Dataset extract below:
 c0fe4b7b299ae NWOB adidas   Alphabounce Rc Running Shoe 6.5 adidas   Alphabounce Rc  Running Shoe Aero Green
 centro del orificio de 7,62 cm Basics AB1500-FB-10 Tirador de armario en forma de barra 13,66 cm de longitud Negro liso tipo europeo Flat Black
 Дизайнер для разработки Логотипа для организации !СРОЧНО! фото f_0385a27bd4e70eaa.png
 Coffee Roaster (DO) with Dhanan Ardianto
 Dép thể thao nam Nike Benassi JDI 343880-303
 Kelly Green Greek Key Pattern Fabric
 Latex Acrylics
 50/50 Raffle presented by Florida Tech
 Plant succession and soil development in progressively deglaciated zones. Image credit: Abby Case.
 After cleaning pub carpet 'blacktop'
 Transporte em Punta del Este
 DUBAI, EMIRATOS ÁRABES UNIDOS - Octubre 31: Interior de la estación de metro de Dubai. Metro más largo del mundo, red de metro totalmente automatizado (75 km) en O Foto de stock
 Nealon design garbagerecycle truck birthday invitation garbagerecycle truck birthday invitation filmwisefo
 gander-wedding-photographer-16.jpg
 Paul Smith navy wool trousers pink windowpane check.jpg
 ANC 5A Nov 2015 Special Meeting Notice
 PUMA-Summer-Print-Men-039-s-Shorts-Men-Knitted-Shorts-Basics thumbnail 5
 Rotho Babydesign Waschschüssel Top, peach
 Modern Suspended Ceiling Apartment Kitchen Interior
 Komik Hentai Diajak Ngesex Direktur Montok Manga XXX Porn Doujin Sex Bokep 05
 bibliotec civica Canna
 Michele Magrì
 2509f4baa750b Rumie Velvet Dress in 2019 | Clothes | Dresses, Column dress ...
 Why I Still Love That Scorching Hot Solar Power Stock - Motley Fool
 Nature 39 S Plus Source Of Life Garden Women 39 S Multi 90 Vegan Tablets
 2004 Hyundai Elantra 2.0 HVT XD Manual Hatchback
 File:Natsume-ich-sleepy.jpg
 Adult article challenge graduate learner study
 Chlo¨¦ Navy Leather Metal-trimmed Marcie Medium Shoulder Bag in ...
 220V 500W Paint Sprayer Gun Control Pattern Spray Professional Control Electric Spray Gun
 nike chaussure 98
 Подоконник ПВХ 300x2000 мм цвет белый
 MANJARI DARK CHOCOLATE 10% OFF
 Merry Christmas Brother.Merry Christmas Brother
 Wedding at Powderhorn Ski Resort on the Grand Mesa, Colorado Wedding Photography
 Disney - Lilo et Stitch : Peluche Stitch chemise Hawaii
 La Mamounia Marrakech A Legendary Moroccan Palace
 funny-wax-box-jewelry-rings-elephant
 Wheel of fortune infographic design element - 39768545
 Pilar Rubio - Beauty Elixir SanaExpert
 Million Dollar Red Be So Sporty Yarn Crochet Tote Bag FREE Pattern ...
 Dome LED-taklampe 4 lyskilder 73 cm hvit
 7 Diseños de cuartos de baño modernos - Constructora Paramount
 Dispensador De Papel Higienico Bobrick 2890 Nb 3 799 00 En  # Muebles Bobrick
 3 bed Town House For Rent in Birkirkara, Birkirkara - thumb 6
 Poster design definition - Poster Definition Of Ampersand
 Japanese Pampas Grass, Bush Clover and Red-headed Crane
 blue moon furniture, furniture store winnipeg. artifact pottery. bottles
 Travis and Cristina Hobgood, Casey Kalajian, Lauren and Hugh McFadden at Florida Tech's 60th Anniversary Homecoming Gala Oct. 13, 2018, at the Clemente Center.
End of Dataset extract.
Task to carry out
Return the lines above precisely as they appear, beginning at the first line and ending at the line with "funny-wax-box-jewelry-rings-elephant", and nothing after it.

Completed task
 c0fe4b7b299ae NWOB adidas   Alphabounce Rc Running Shoe 6.5 adidas   Alphabounce Rc  Running Shoe Aero Green
 centro del orificio de 7,62 cm Basics AB1500-FB-10 Tirador de armario en forma de barra 13,66 cm de longitud Negro liso tipo europeo Flat Black
 Дизайнер для разработки Логотипа для организации !СРОЧНО! фото f_0385a27bd4e70eaa.png
 Coffee Roaster (DO) with Dhanan Ardianto
 Dép thể thao nam Nike Benassi JDI 343880-303
 Kelly Green Greek Key Pattern Fabric
 Latex Acrylics
 50/50 Raffle presented by Florida Tech
 Plant succession and soil development in progressively deglaciated zones. Image credit: Abby Case.
 After cleaning pub carpet 'blacktop'
 Transporte em Punta del Este
 DUBAI, EMIRATOS ÁRABES UNIDOS - Octubre 31: Interior de la estación de metro de Dubai. Metro más largo del mundo, red de metro totalmente automatizado (75 km) en O Foto de stock
 Nealon design garbagerecycle truck birthday invitation garbagerecycle truck birthday invitation filmwisefo
 gander-wedding-photographer-16.jpg
 Paul Smith navy wool trousers pink windowpane check.jpg
 ANC 5A Nov 2015 Special Meeting Notice
 PUMA-Summer-Print-Men-039-s-Shorts-Men-Knitted-Shorts-Basics thumbnail 5
 Rotho Babydesign Waschschüssel Top, peach
 Modern Suspended Ceiling Apartment Kitchen Interior
 Komik Hentai Diajak Ngesex Direktur Montok Manga XXX Porn Doujin Sex Bokep 05
 bibliotec civica Canna
 Michele Magrì
 2509f4baa750b Rumie Velvet Dress in 2019 | Clothes | Dresses, Column dress ...
 Why I Still Love That Scorching Hot Solar Power Stock - Motley Fool
 Nature 39 S Plus Source Of Life Garden Women 39 S Multi 90 Vegan Tablets
 2004 Hyundai Elantra 2.0 HVT XD Manual Hatchback
 File:Natsume-ich-sleepy.jpg
 Adult article challenge graduate learner study
 Chlo¨¦ Navy Leather Metal-trimmed Marcie Medium Shoulder Bag in ...
 220V 500W Paint Sprayer Gun Control Pattern Spray Professional Control Electric Spray Gun
 nike chaussure 98
 Подоконник ПВХ 300x2000 мм цвет белый
 MANJARI DARK CHOCOLATE 10% OFF
 Merry Christmas Brother.Merry Christmas Brother
 Wedding at Powderhorn Ski Resort on the Grand Mesa, Colorado Wedding Photography
 Disney - Lilo et Stitch : Peluche Stitch chemise Hawaii
 La Mamounia Marrakech A Legendary Moroccan Palace
 funny-wax-box-jewelry-rings-elephant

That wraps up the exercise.